# PROBLEM DETAILS
Copy the listing that follows exactly. Its pictures do not belong in the copy.

# SUPPLIED DATA
######

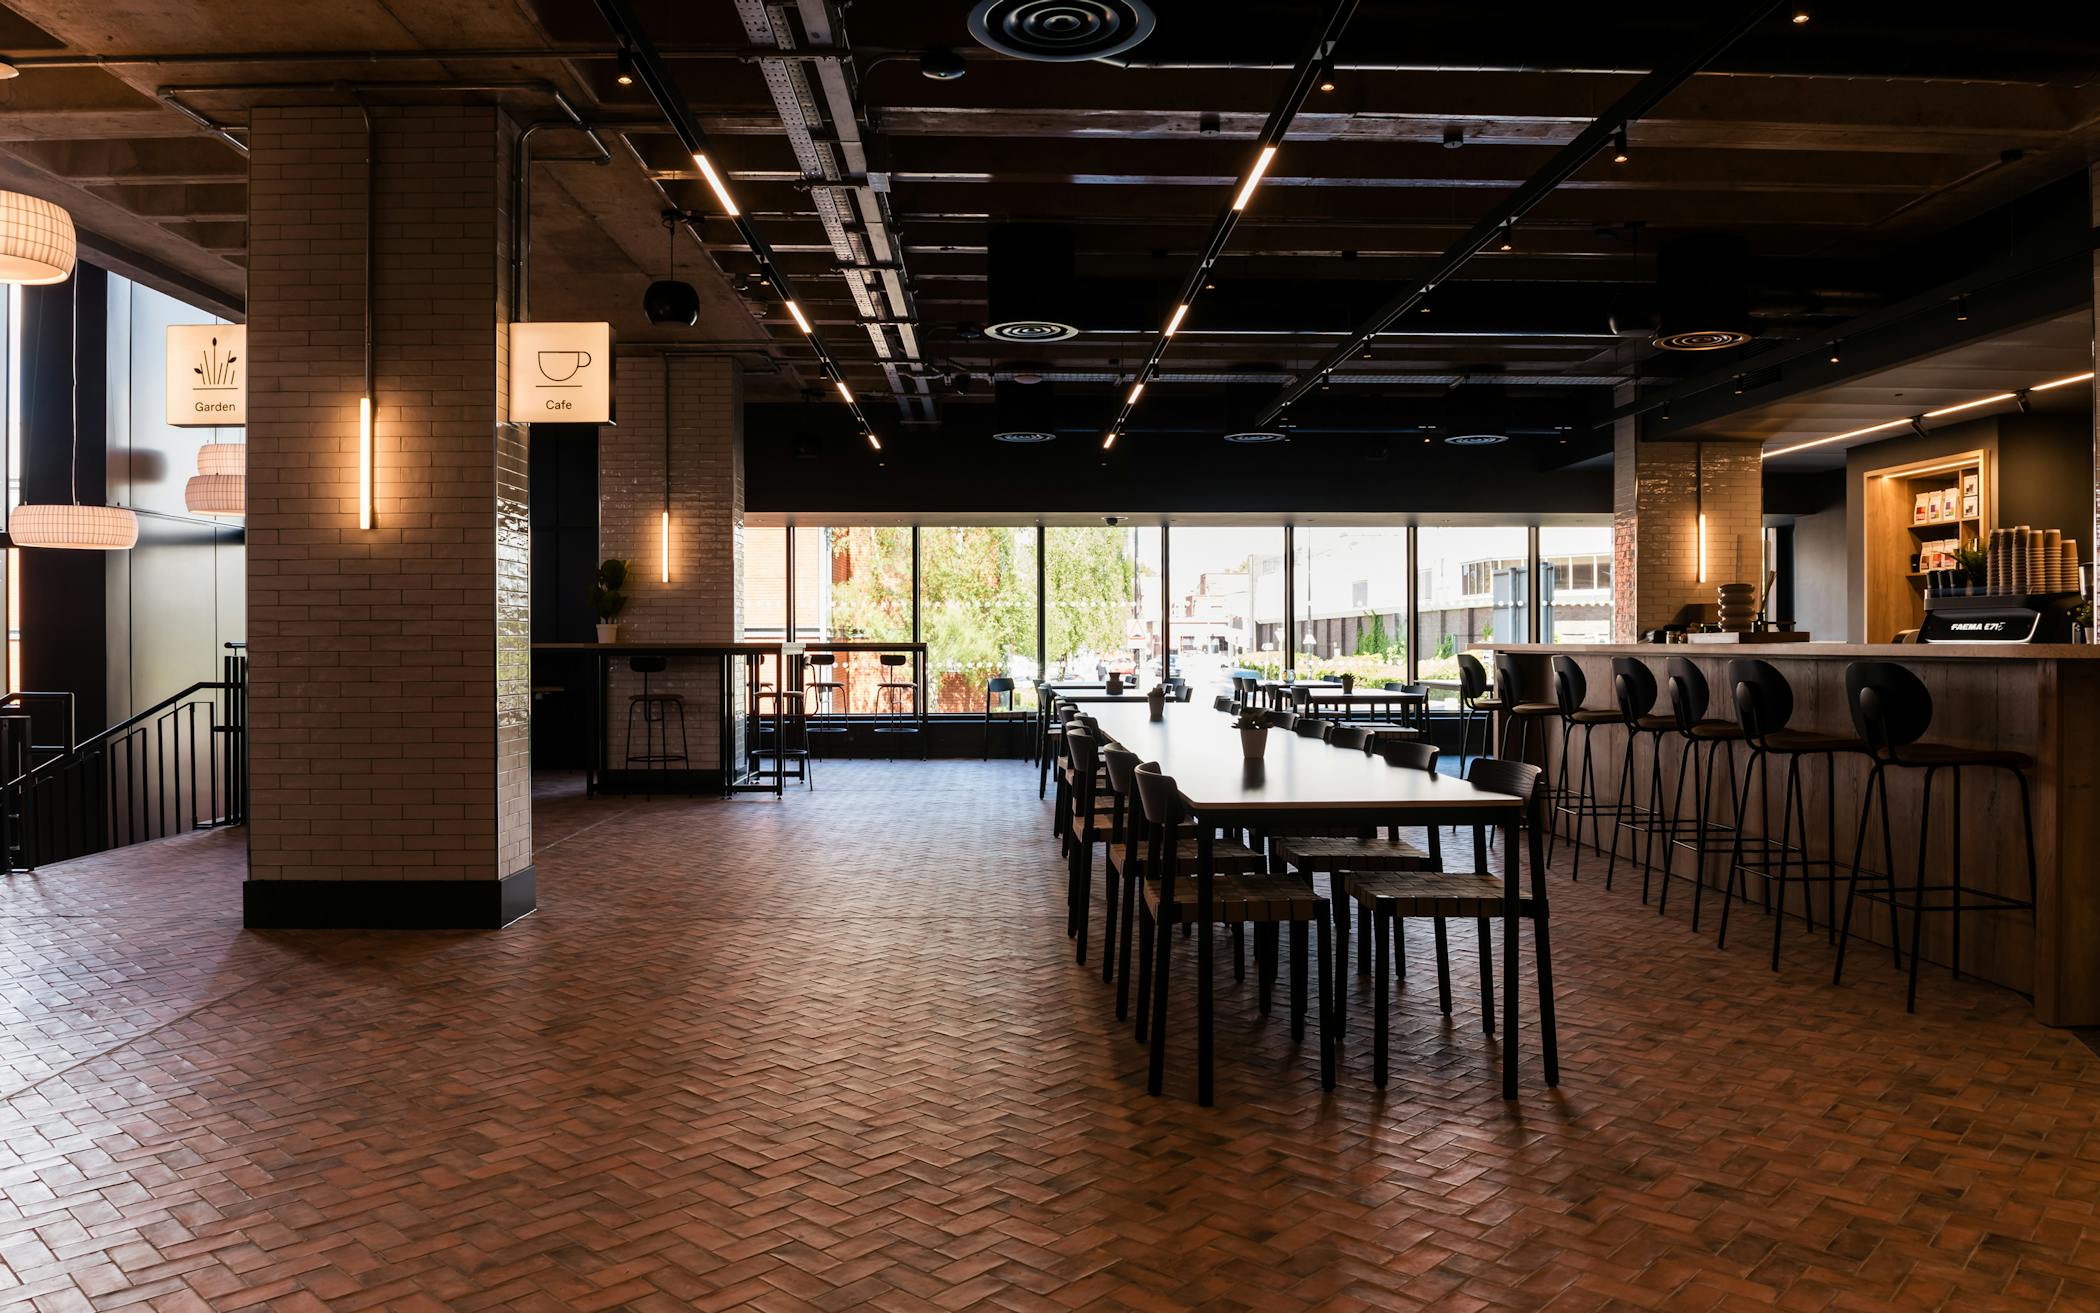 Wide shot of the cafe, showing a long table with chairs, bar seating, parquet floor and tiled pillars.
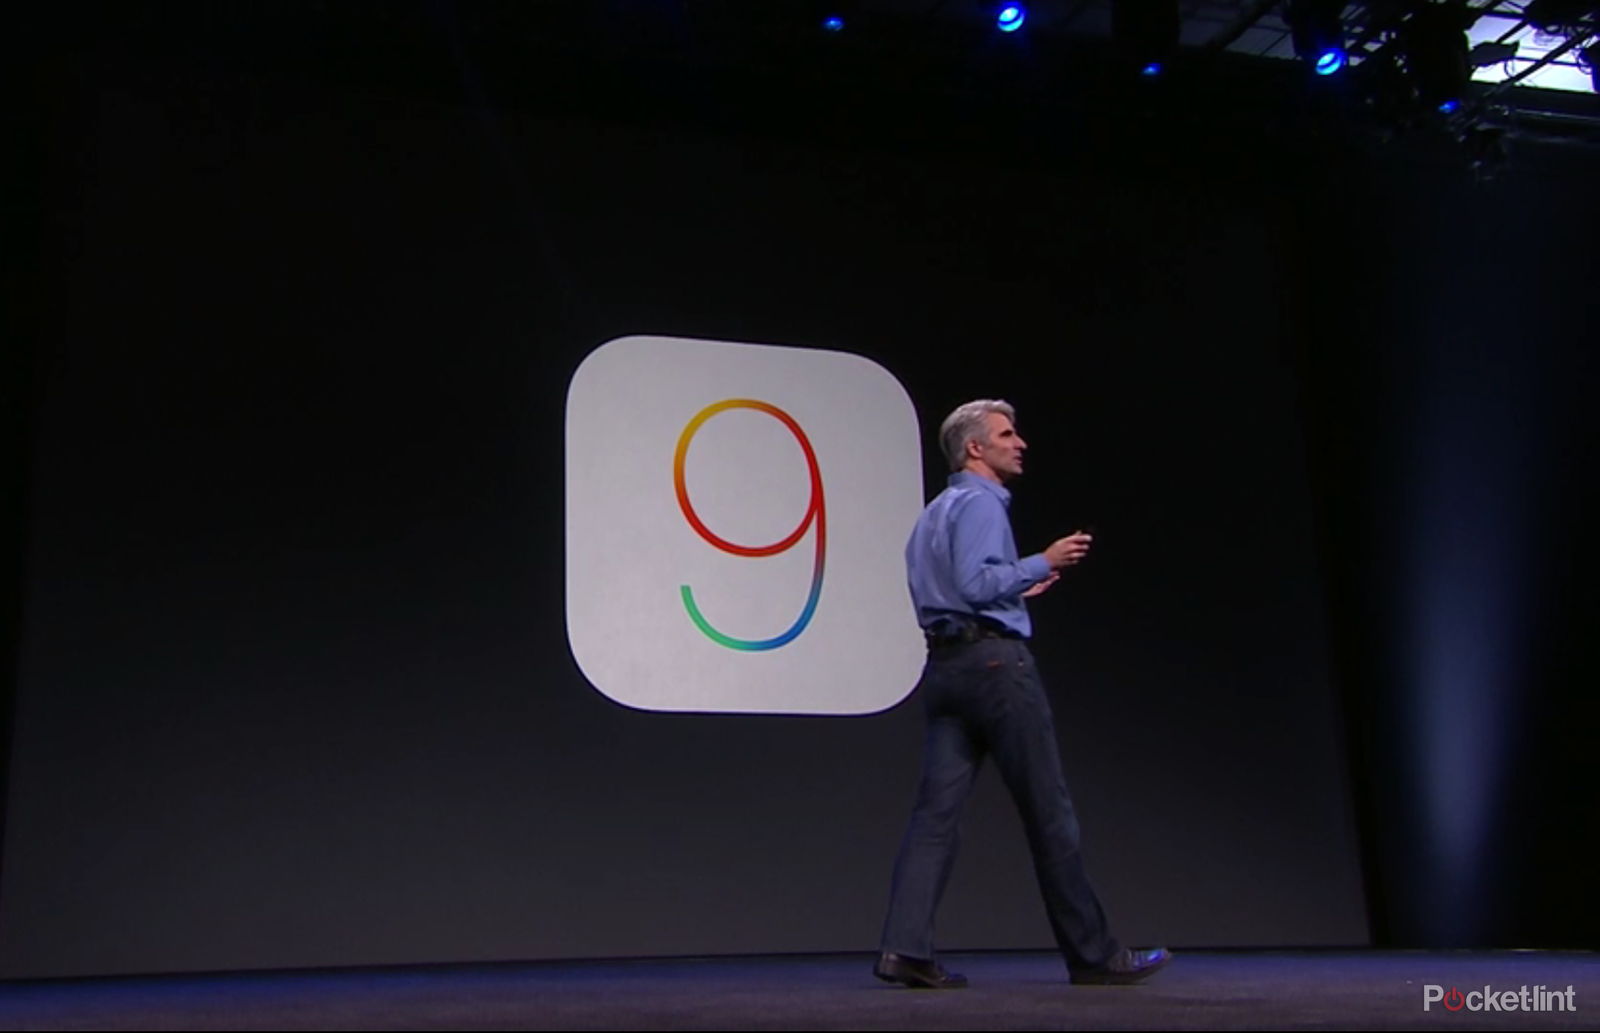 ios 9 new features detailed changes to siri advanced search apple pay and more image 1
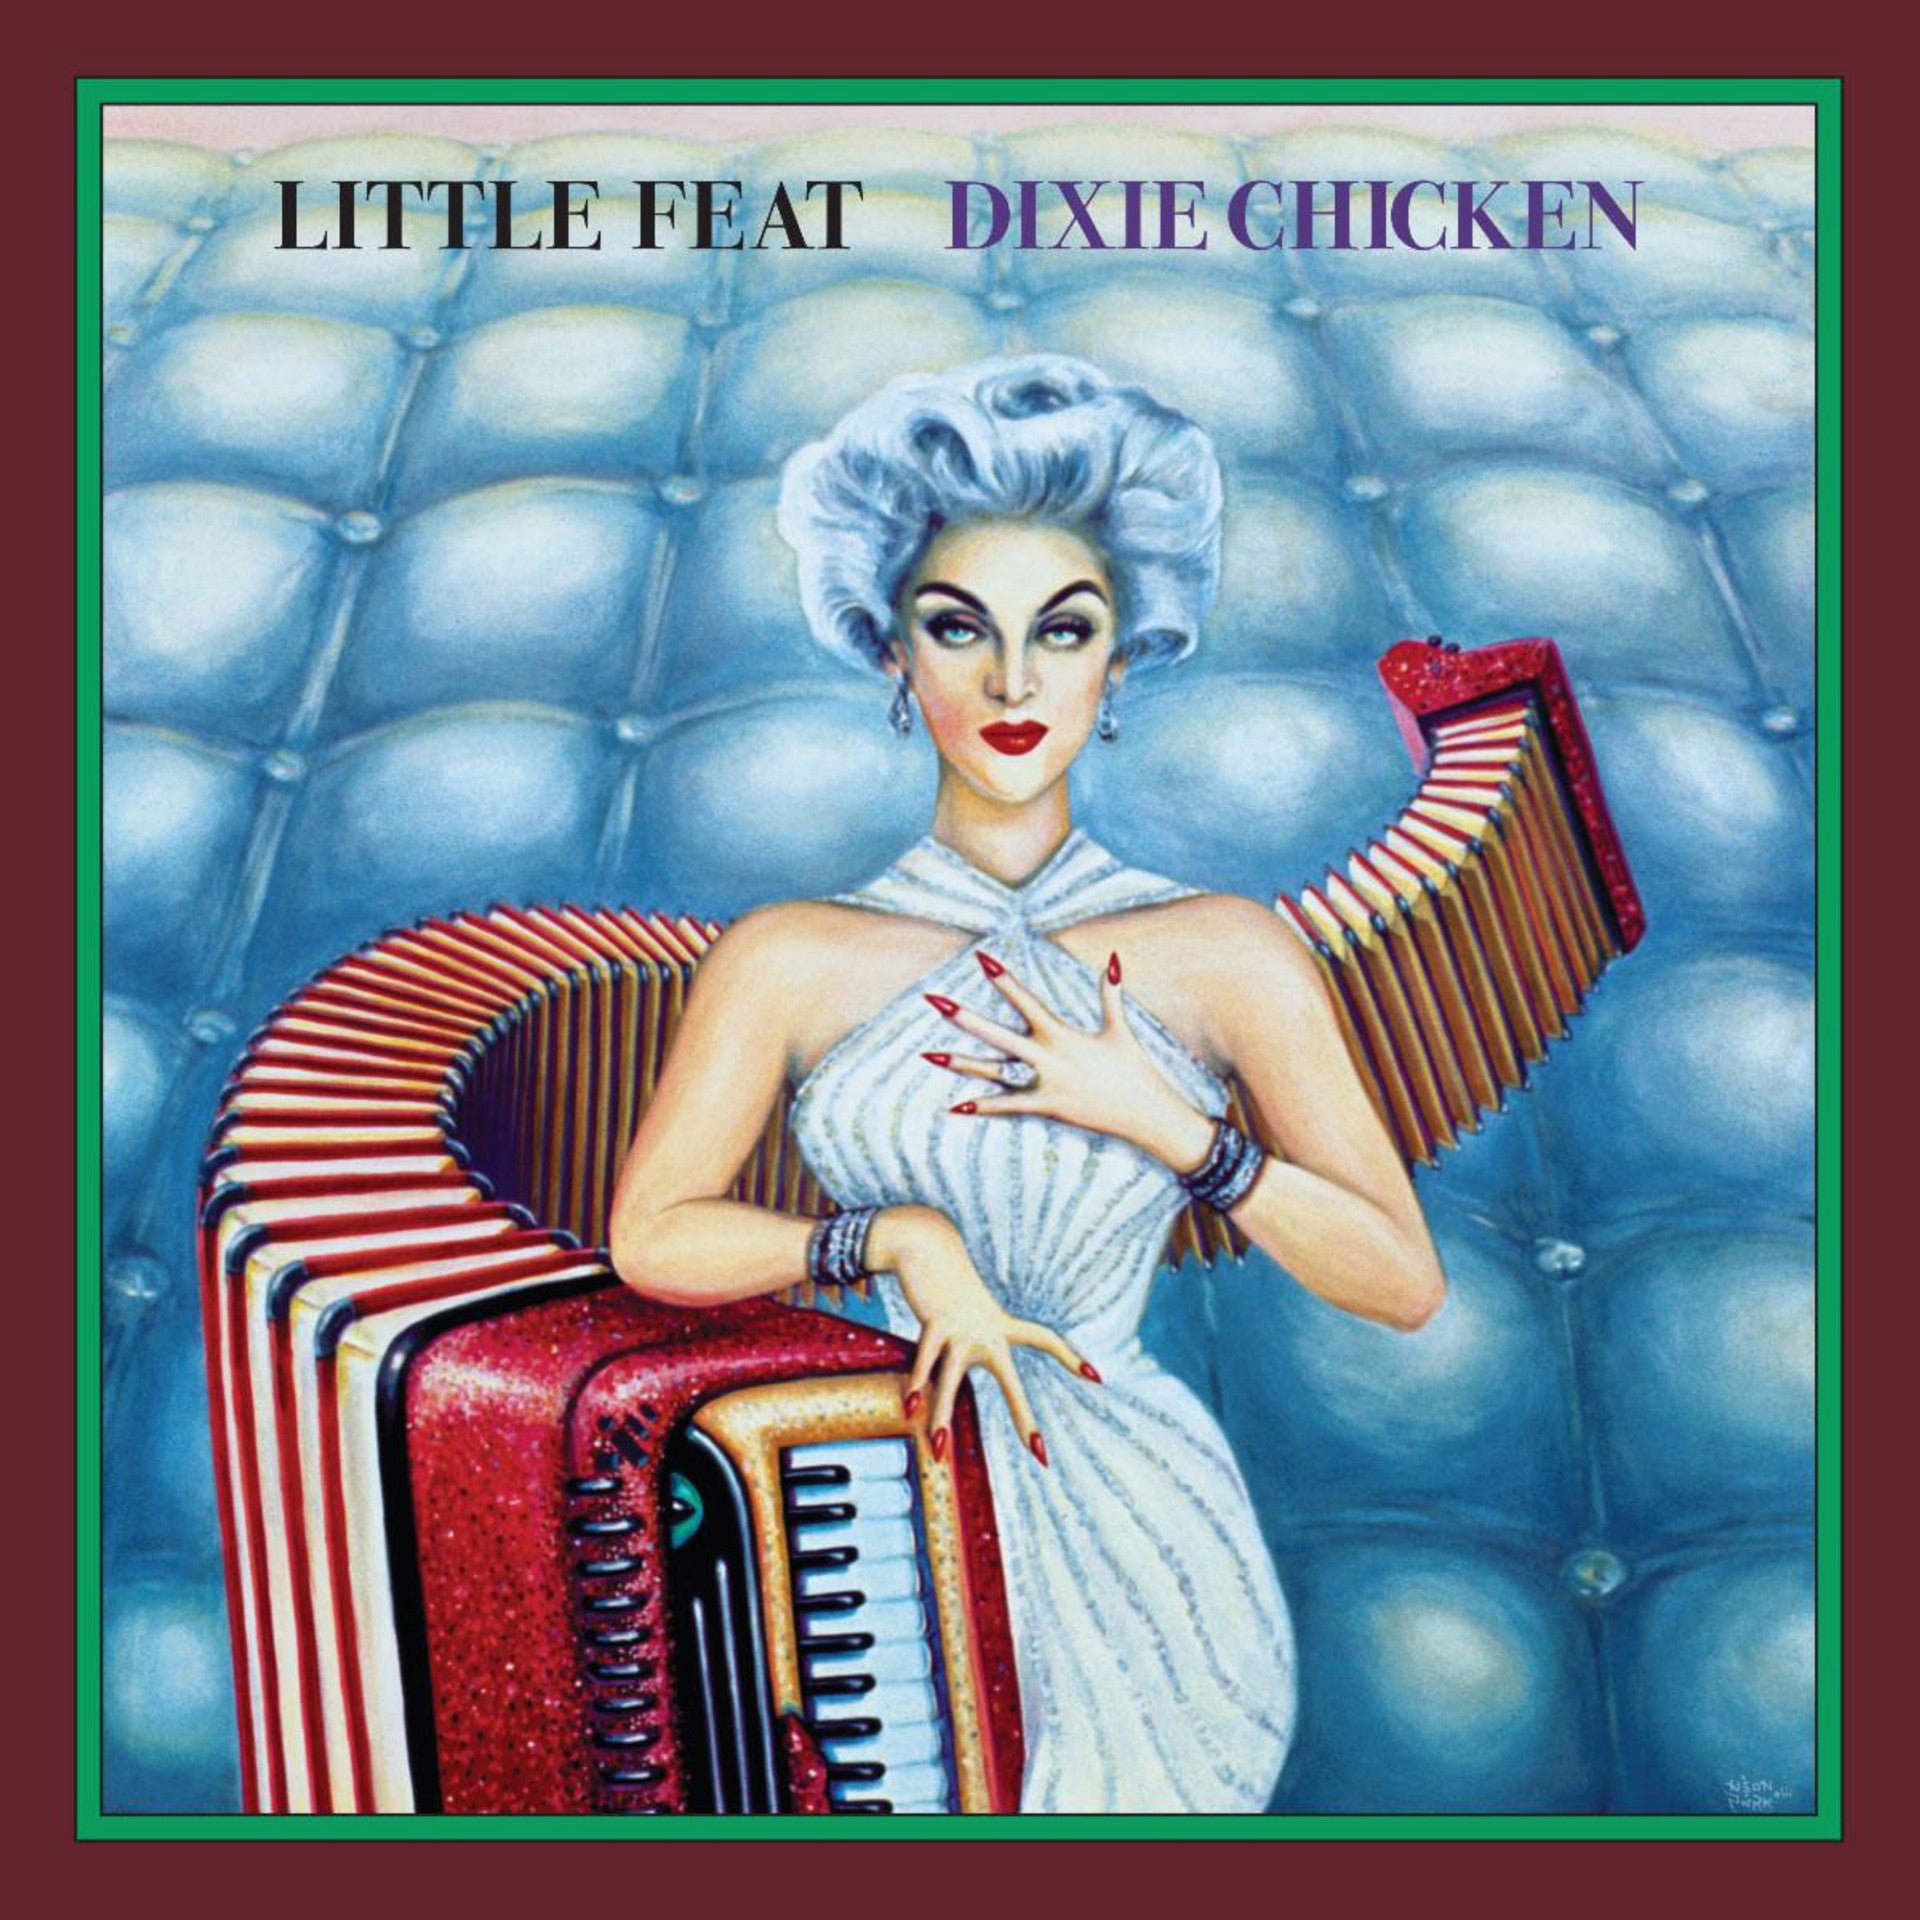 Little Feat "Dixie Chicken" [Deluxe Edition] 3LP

######

# SOLVED PROBLEM
 Wide shot of the cafe, showing a long table with chairs, bar seating, parquet floor and tiled pillars.
 ios 9 new features detailed changes to siri advanced search apple pay and more image 1
 Little Feat "Dixie Chicken" [Deluxe Edition] 3LP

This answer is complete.